*** Begin section ***

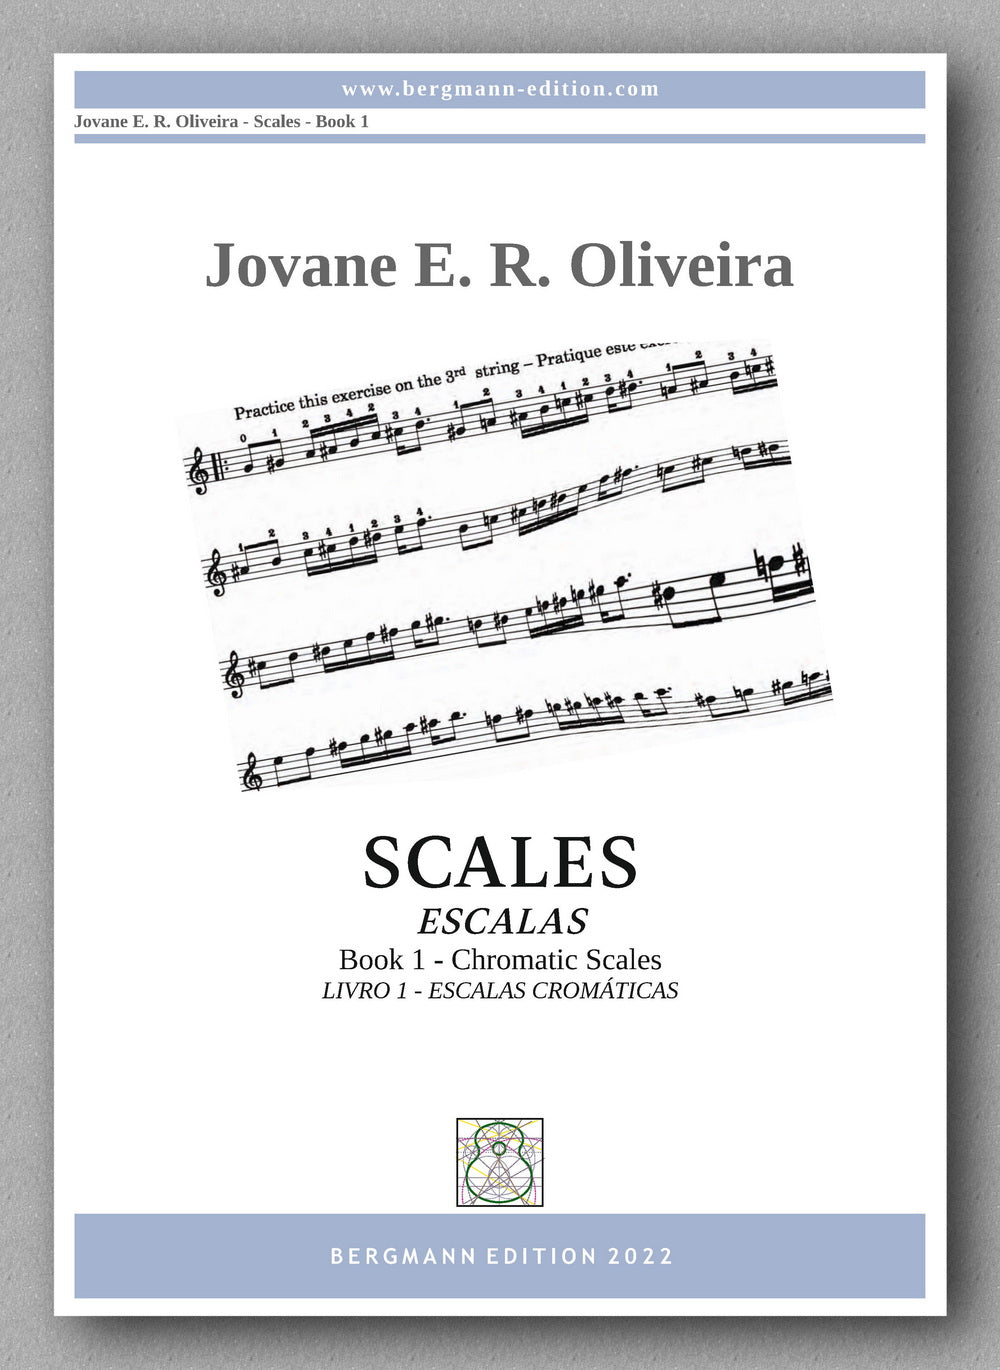 Scales, Book 1 - Cromatic Scales, by Jovane E.R. Oliveira - Cover
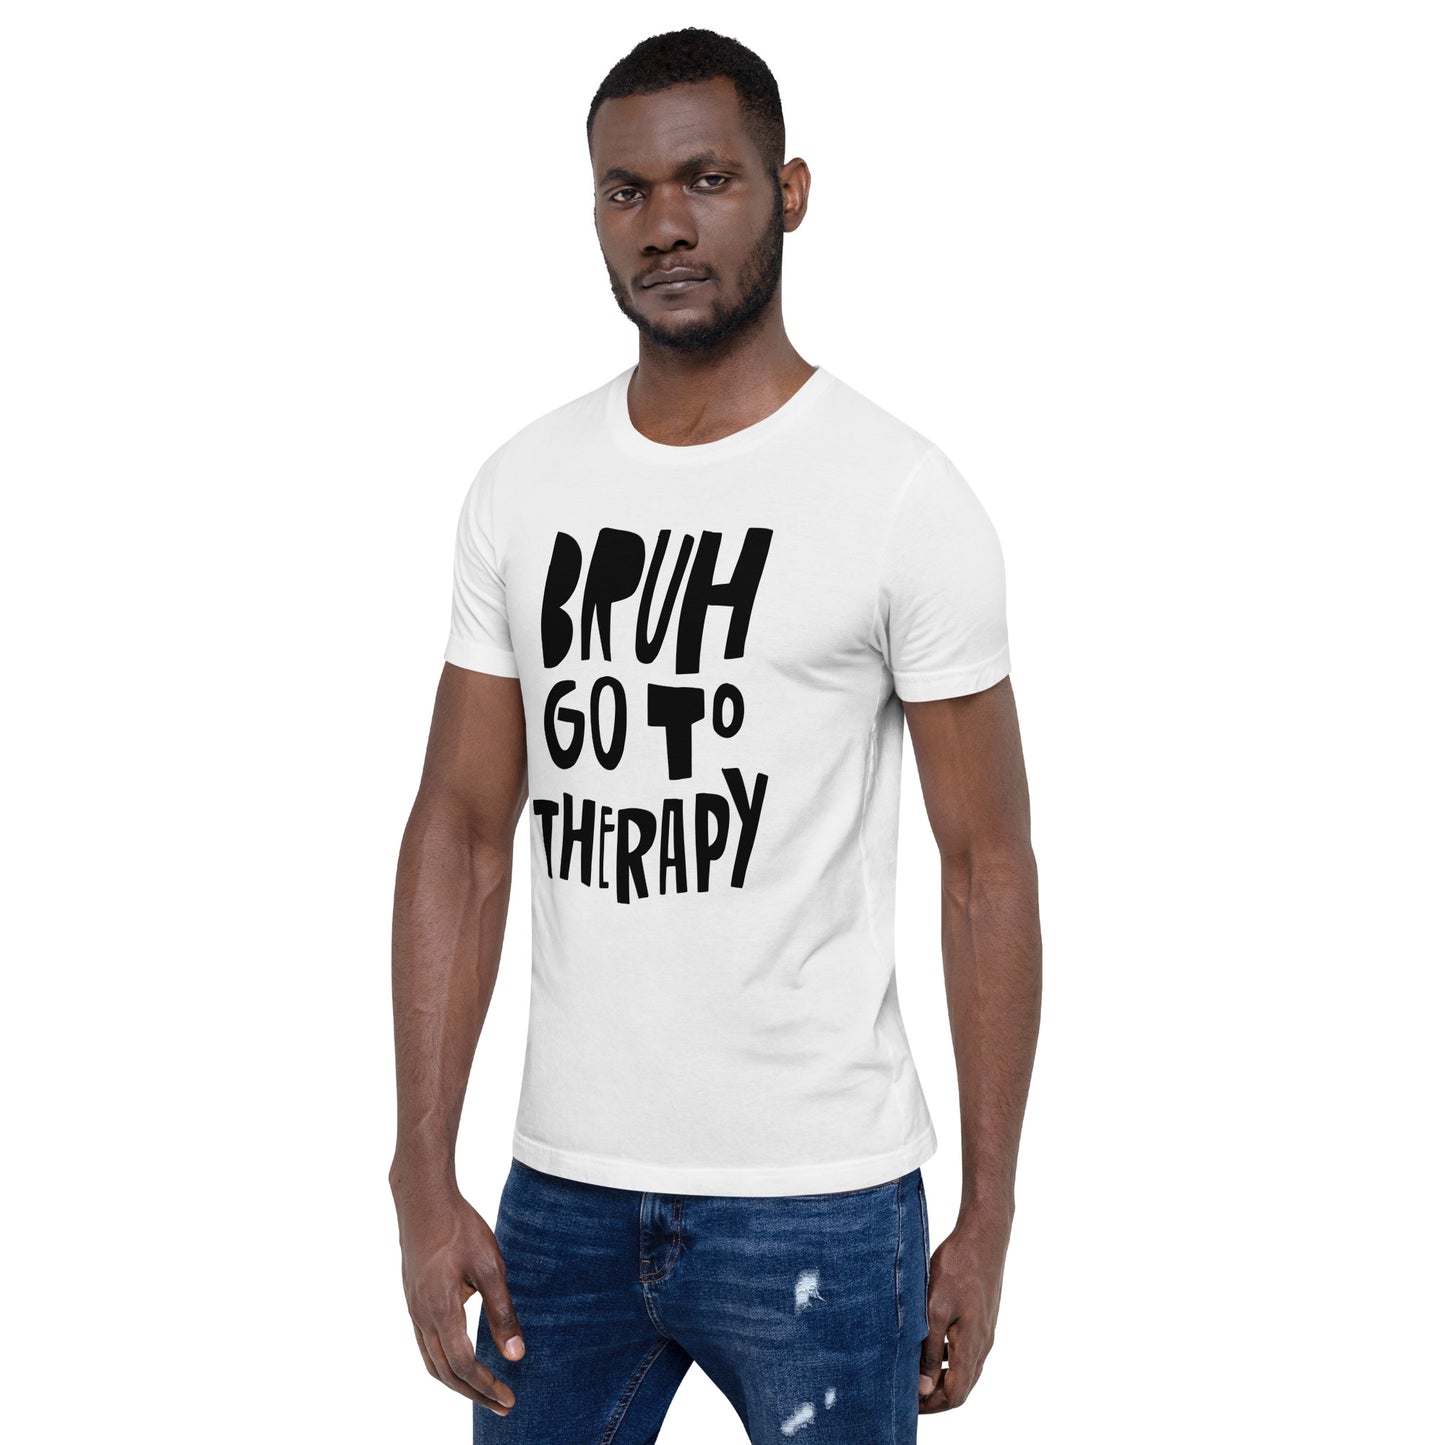 "Bruh Go To Therapy" Unisex Tee
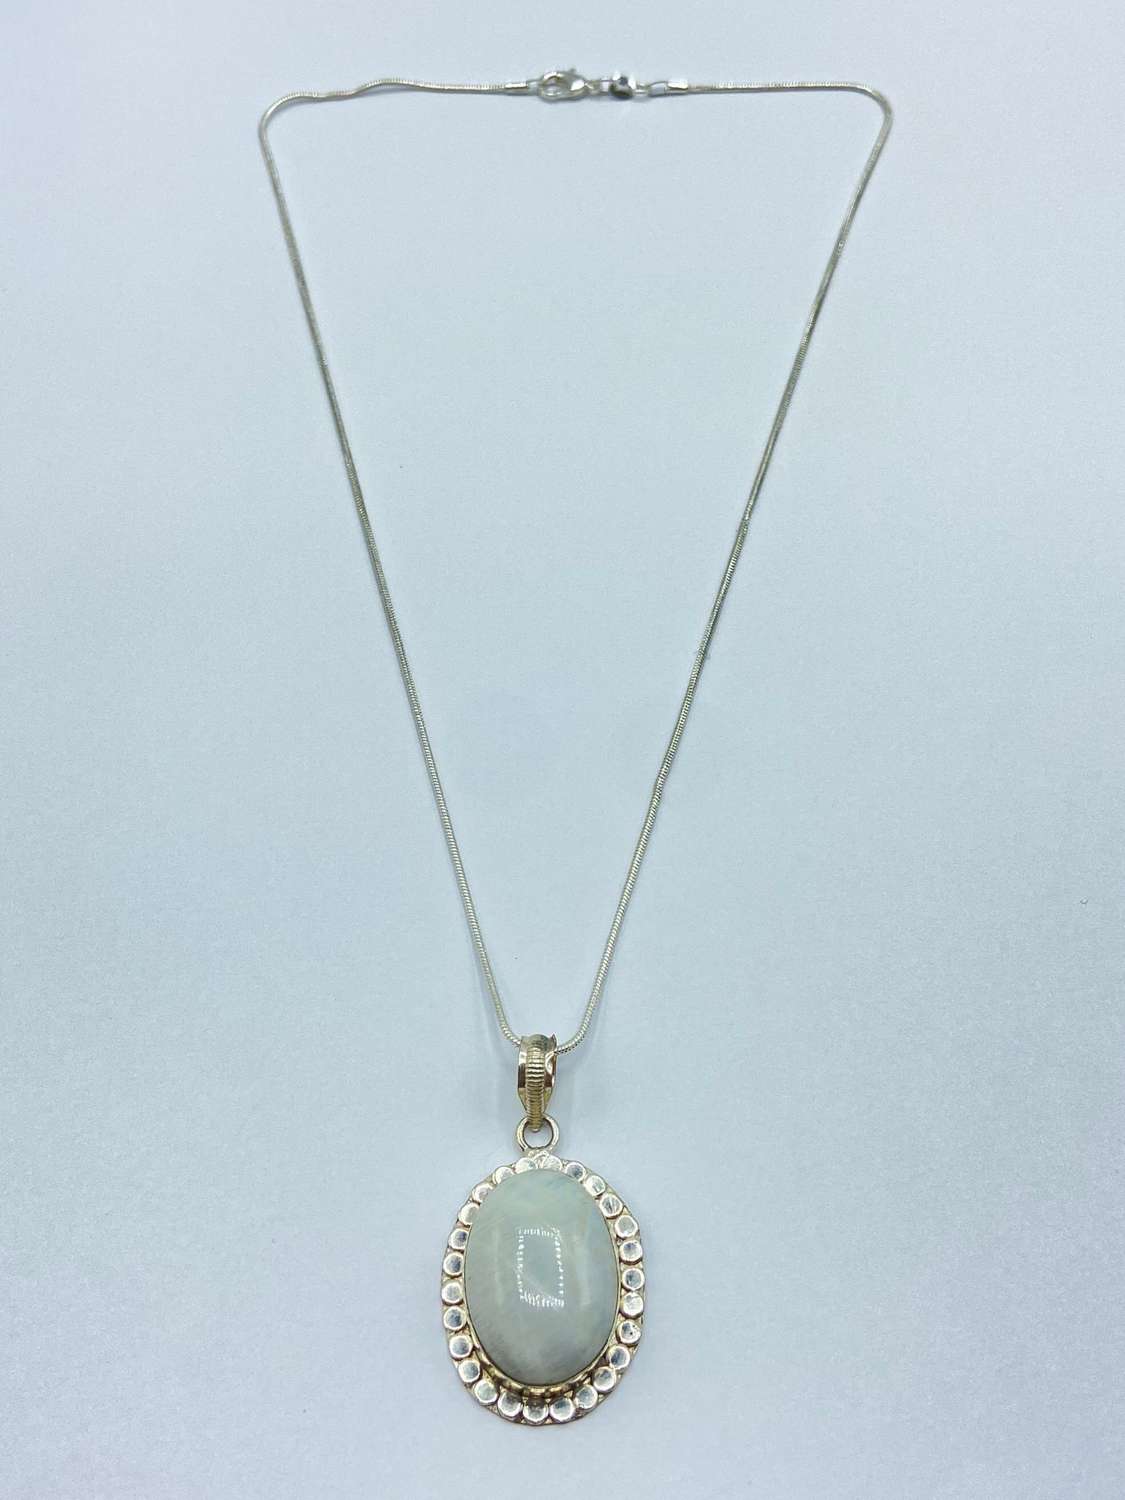 Beautiful Vintage Sterling Silver & Cabochon Moonstone Necklace
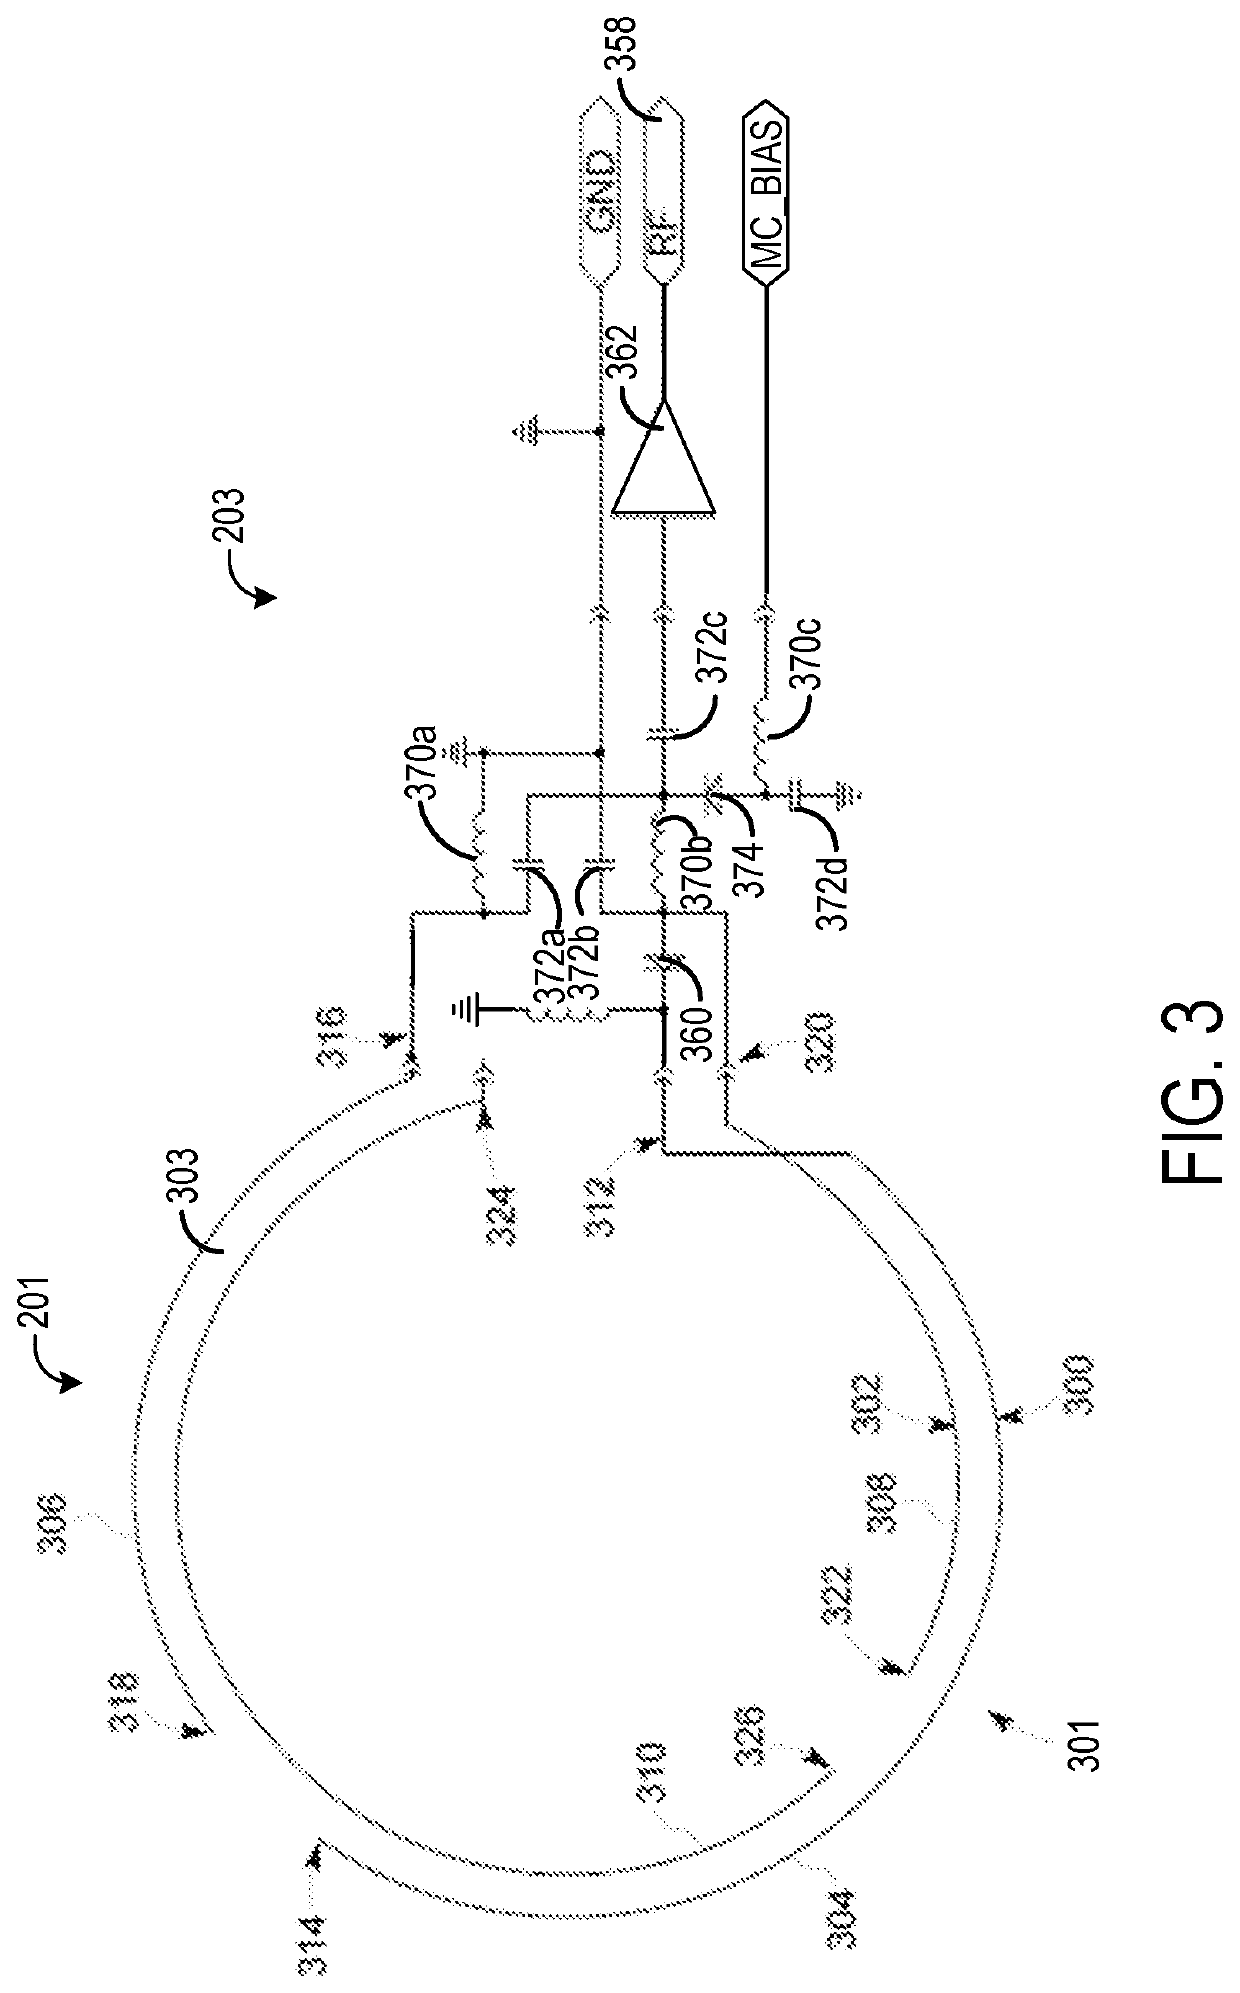 Systems for a radio frequency coil for mr imaging

*** End section ***

## Exercise
Please repeat the data above exactly as it appears, pictures excluded.

## Task solution
 Scales, Book 1 - Cromatic Scales, by Jovane E.R. Oliveira - Cover
 "Bruh Go To Therapy" Unisex Tee
 Beautiful Vintage Sterling Silver & Cabochon Moonstone Necklace
 Systems for a radio frequency coil for mr imaging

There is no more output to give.